Note that year and mileage have a high linear correlation. Removing one of them should decrease the standard error of the coefficient of the other, without significanty decrease R-squared.

ols_object = smf.ols(formula = 'price~mpg+engineSize+mileage+year', data = train)
model_log = ols_object.fit()
model_log.summary()
OLS Regression Results
Dep. Variable: price R-squared: 0.660
Model: OLS Adj. R-squared: 0.660
Method: Least Squares F-statistic: 2410.
Date: Tue, 07 Feb 2023 Prob (F-statistic): 0.00
Time: 21:39:45 Log-Likelihood: -52497.
No. Observations: 4960 AIC: 1.050e+05
Df Residuals: 4955 BIC: 1.050e+05
Df Model: 4
Covariance Type: nonrobust
coef std err t P>|t| [0.025 0.975]
Intercept -3.661e+06 1.49e+05 -24.593 0.000 -3.95e+06 -3.37e+06
mpg -79.3126 9.338 -8.493 0.000 -97.620 -61.006
engineSize 1.218e+04 189.969 64.107 0.000 1.18e+04 1.26e+04
mileage -0.1474 0.009 -16.817 0.000 -0.165 -0.130
year 1817.7366 73.751 24.647 0.000 1673.151 1962.322
Omnibus: 2450.973 Durbin-Watson: 0.541
Prob(Omnibus): 0.000 Jarque-Bera (JB): 31060.548
Skew: 2.045 Prob(JB): 0.00
Kurtosis: 14.557 Cond. No. 3.83e+07


Notes:
[1] Standard Errors assume that the covariance matrix of the errors is correctly specified.
[2] The condition number is large, 3.83e+07. This might indicate that there are
strong multicollinearity or other numerical problems.

Removing mileage from the above regression.

ols_object = smf.ols(formula = 'price~mpg+engineSize+year', data = train)
model_log = ols_object.fit()
model_log.summary()
OLS Regression Results
Dep. Variable: price R-squared: 0.641
Model: OLS Adj. R-squared: 0.641
Method: Least Squares F-statistic: 2951.
Date: Tue, 07 Feb 2023 Prob (F-statistic): 0.00
Time: 21:40:00 Log-Likelihood: -52635.
No. Observations: 4960 AIC: 1.053e+05
Df Residuals: 4956 BIC: 1.053e+05
Df Model: 3
Covariance Type: nonrobust
coef std err t P>|t| [0.025 0.975]
Intercept -5.586e+06 9.78e+04 -57.098 0.000 -5.78e+06 -5.39e+06
mpg -101.9120 9.500 -10.727 0.000 -120.536 -83.288
engineSize 1.196e+04 194.848 61.392 0.000 1.16e+04 1.23e+04
year 2771.1844 48.492 57.147 0.000 2676.118 2866.251
Omnibus: 2389.075 Durbin-Watson: 0.528
Prob(Omnibus): 0.000 Jarque-Bera (JB): 26920.051
Skew: 2.018 Prob(JB): 0.00
Kurtosis: 13.675 Cond. No. 1.41e+06


Notes:
[1] Standard Errors assume that the covariance matrix of the errors is correctly specified.
[2] The condition number is large, 1.41e+06. This might indicate that there are
strong multicollinearity or other numerical problems.

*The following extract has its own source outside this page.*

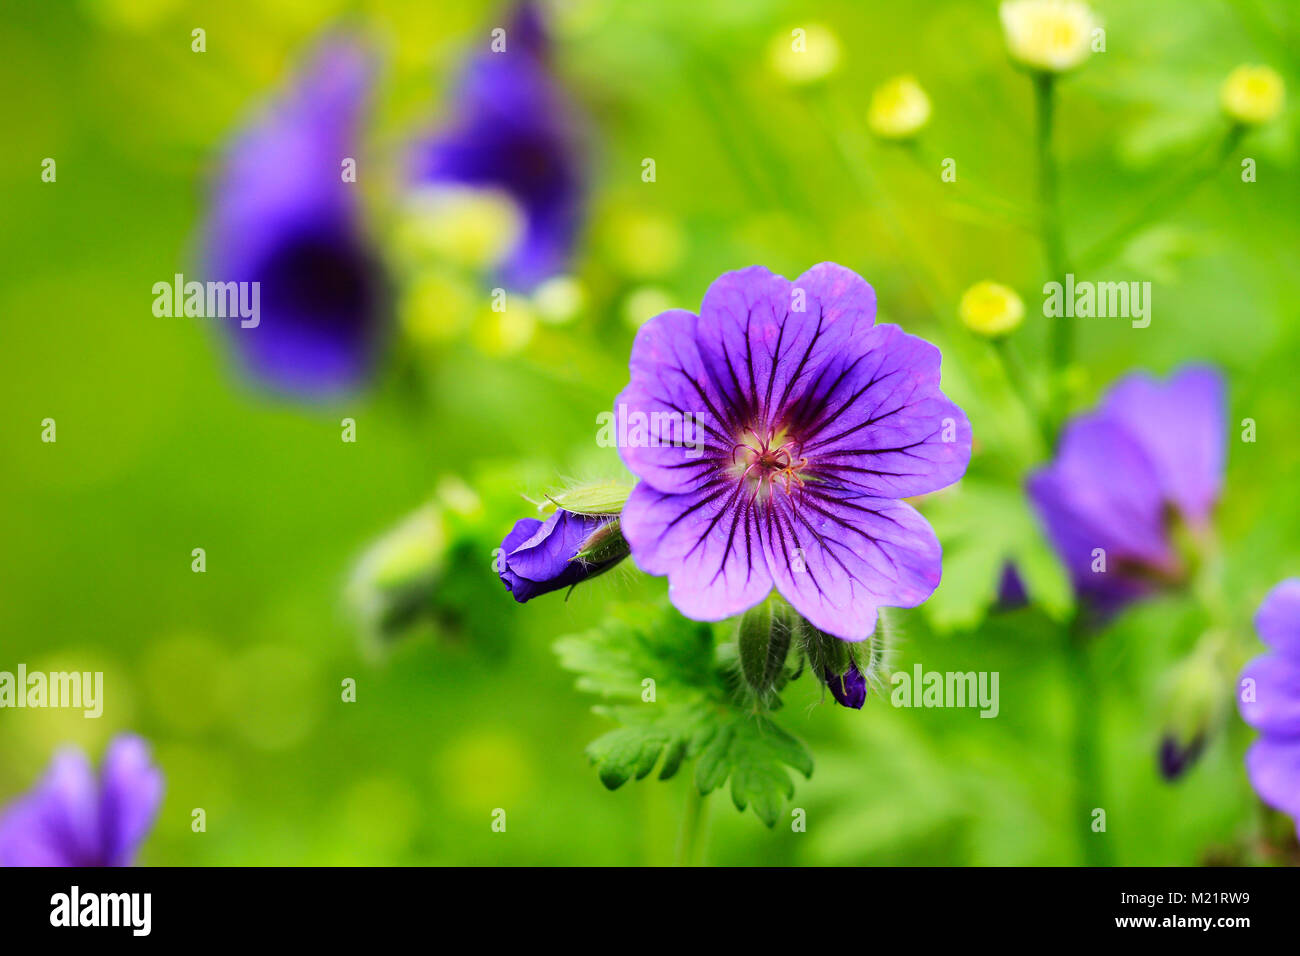 Geranium flower close up Stock Photo

Note that the standard error of the coefficient of year has reduced from 73 to 48, without any large reduction in R-squared.

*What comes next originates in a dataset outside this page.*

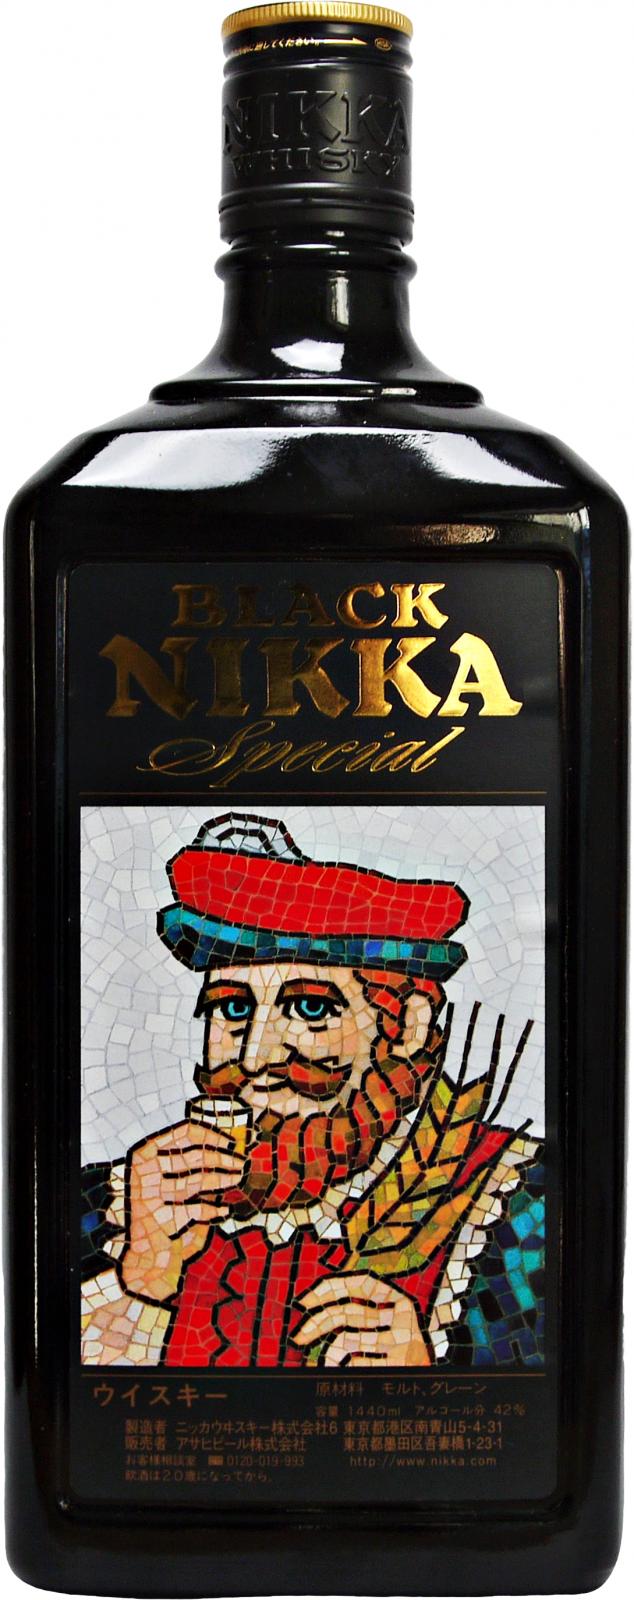 Nikka Black Special Whisky

5.4.4 When can we overlook multicollinearity?

  • The severity of the problems increases with the degree of the multicollinearity. Therefore, if there is only moderate multicollinearity (5 < VIF < 10), we may overlook it.

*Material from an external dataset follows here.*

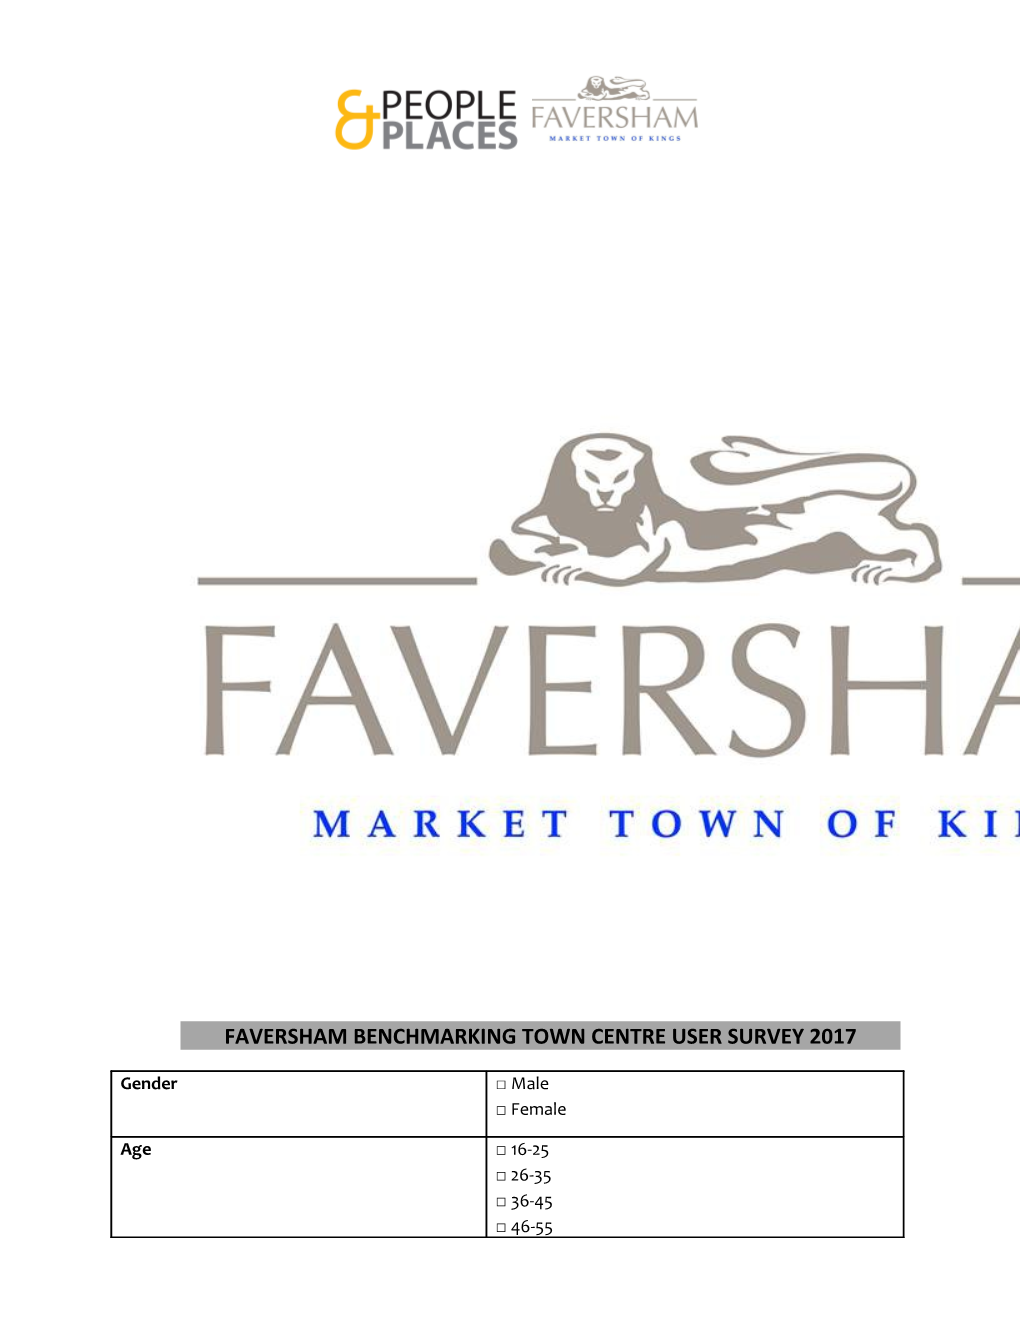 Faversham Benchmarking Town Centre User Survey 2017

  • Multicollinearity affects only the standard errors of the coefficients of collinear predictors. Therefore, if multicollinearity is not present for the predictors that we are particularly interested in, we may not need to resolve it.

  • Multicollinearity affects the standard error of the coefficients and thereby their \(p\)-values, but in general, it does not influence the prediction accuracy, except in the case that the coefficients are so unstable that the predictions are outside of the domain space of the response. If our sole aim is prediction, and we don’t wish to infer the statistical significance of predictors, then we may avoid addressing multicollinearity. “The fact that some or all predictor variables are correlated among themselves does not, in general, inhibit our ability to obtain a good fit nor does it tend to affect inferences about mean responses or predictions of new observations, provided these inferences are made within the region of observations” - Neter, John, Michael H. Kutner, Christopher J. Nachtsheim, and William Wasserman. “Applied linear statistical models.” (1996): 318.